I agree that we currently don’t have (and may never have) a completely accurate map of which physical structures and interactions within the brain are attributable to which mental states and perceptions. But the example you gave of the patient identifying the portion of her brain that was associated with her condition does not imply that there is necessarily anything beyond the physical. As far as I can see, your assertions to the contrary do not follow logically from the examples you’ve given, nor have you offered any other substantiation.
 
inocente;14067195:
btw the use of technology to detect a malfunction also proves the mind is the physical activity of the brain. Thanks for pointing that out.
Actually, it “proves” no such thing. It proves some kind of correlation between mind and brain, but it doesn’t prove the mind is the physical activity of the brain. If it did then the fact that a driver of an automobile moves their hands or feet every time the automobile changes direction or moves is “proof” that the driver is the “physical activity” of the automobile.
And if the driver dies at the controls, the car will lose control.

You say it proves a correlation between mind and brain. So there is no onus to prove that. Do you have a case which proves no correlation between mind and brain? If so let’s hear it, otherwise what’s the problem?
 
Based on probability, if one had to make a choice, is it more reasonable to be an Atheist or a Theist. Which is more likely to be true given human experience and the evidence.
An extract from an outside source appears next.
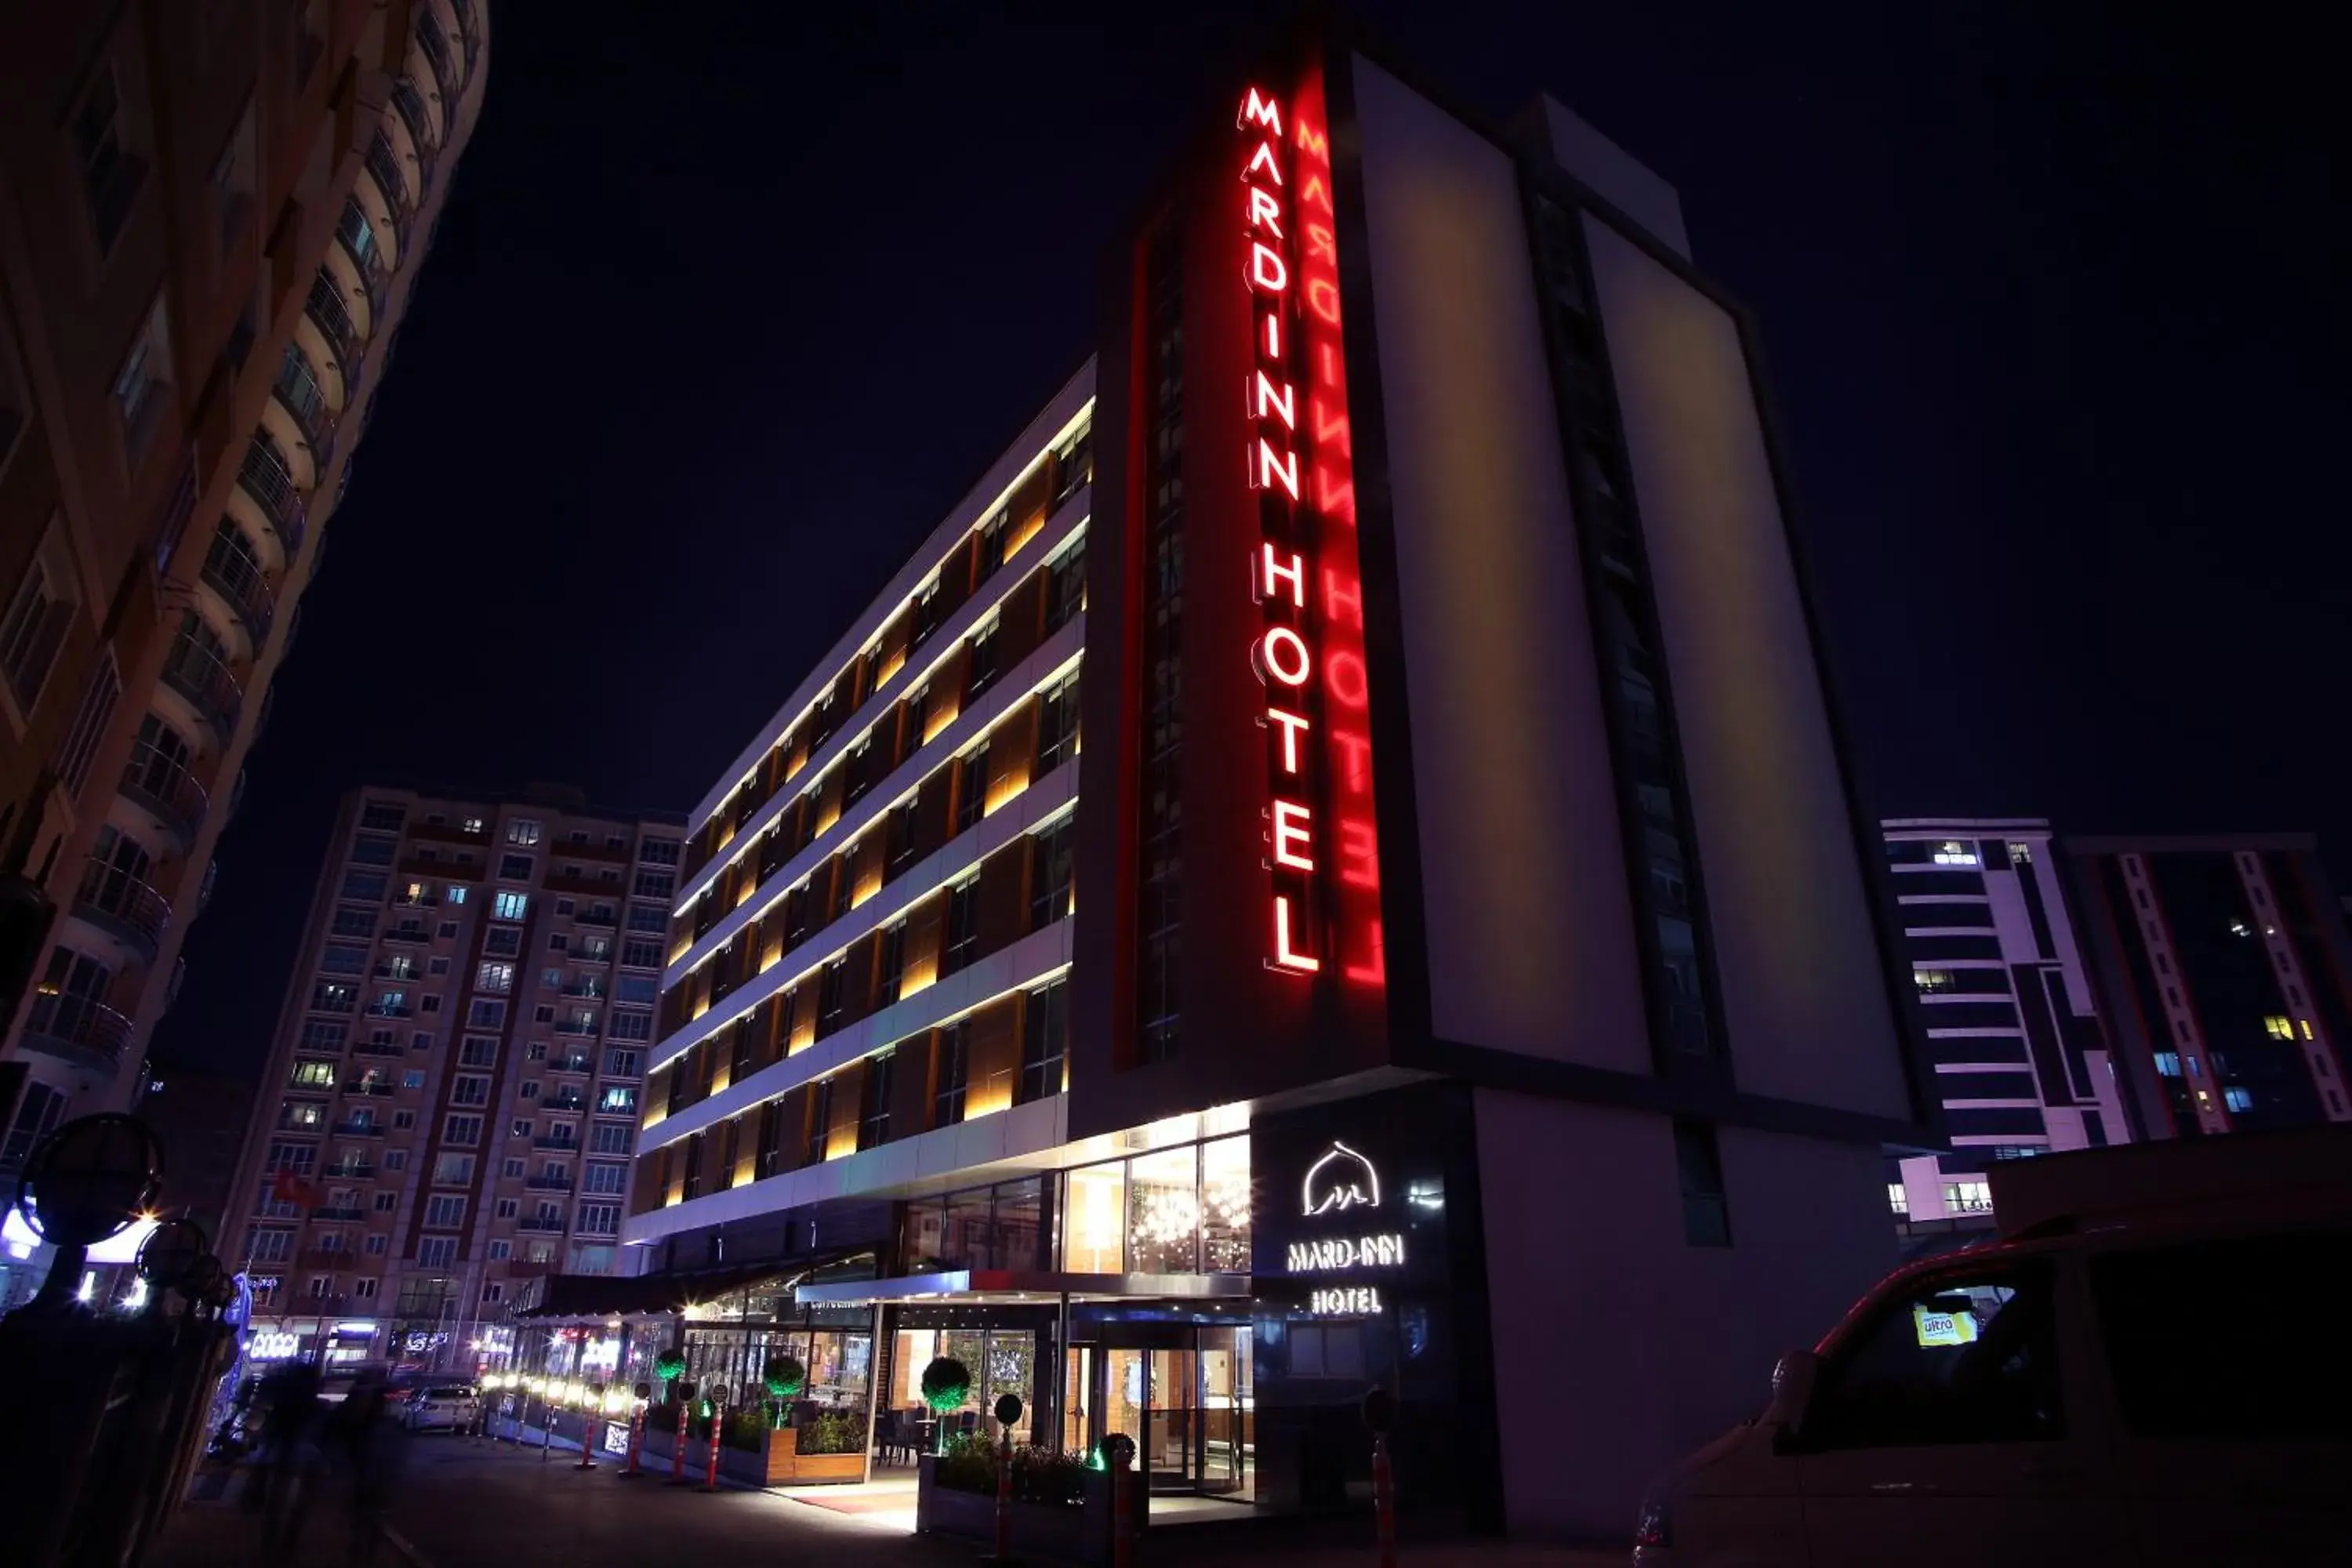 Night, Property Building in Mard-inn Hotel

Which way does the pendulum of probability swing and why.
Flip a coin. 😉
 
The mind is most definitely not the physical activity of the brain. The banking system and the sociopolitical realities of this world are not the electronic infrastructure. The brain is part of the physical structure of the person. The connections in the brain are in large part organized in accordance with mental phenomena. And, the mind is related to the person’s soul, the spiritual capacity to relate, to connect with what is other, perceptually, with our thoughts, feelings and actions, most perfectly seen in the giving union that is love. There is no dualism; there is one person who can be understood from different perspectives. It is not dualistic thinking that a person is a taxpayer and a patient undergoing a medical procedure. The last sentence in the quote, to me suggests a dualistic understanding of the body and mind.
The last sentence you quoted was “Please explain how you think prodding you and asking where does it hurt has nothing to do with detecting the precise location using the patient’s subjective knowledge”. Subjective = “based on or influenced by personal feelings, tastes, or opinions”. I can’t work out why you think that has anything to do with dualism. Why do you think it does?
One does not eliminate dualism by eliminating one side. Mind and body are not separate entities and do not even intertwine. There is one person, one being, whom I see as 100% physical and 100% spiritual. The spiritual part is eternal, the physical transient, btw.
One definitely does eliminate dualism by eliminating one side. You’re left with either physicalism or idealism, depending on which you keep. Otherwise I agree, mind is looking top-down, brain bottom-up. Two-way street (neuroplasticity).
 
I agree that we currently don’t have (and may never have) a completely accurate map of which physical structures and interactions within the brain are attributable to which mental states and perceptions. But the example you gave of the patient identifying the portion of her brain that was associated with her condition does not imply that there is necessarily anything beyond the physical. As far as I can see, your assertions to the contrary do not follow logically from the examples you’ve given, nor have you offered any other substantiation.
We actually do have a very accurate map of the physical structures, including the tracts that link the various areas of the brain. The amount of information about the proteins that form the supporting structure and physiological activity of the functioning brain is astounding.

I’m not sure how one can communicate what should be obvious, that any discussion of physical components (such as the channels that allow for ionic exchange, receptors and neurotransmitters, the growth cones at the ends of axons which seek out their destination, guided by molecules produced by surrounding cells, etc, etc) is not about the reality of thought and perception. It is of a totally different order although they both tell us about what it means to be a human person.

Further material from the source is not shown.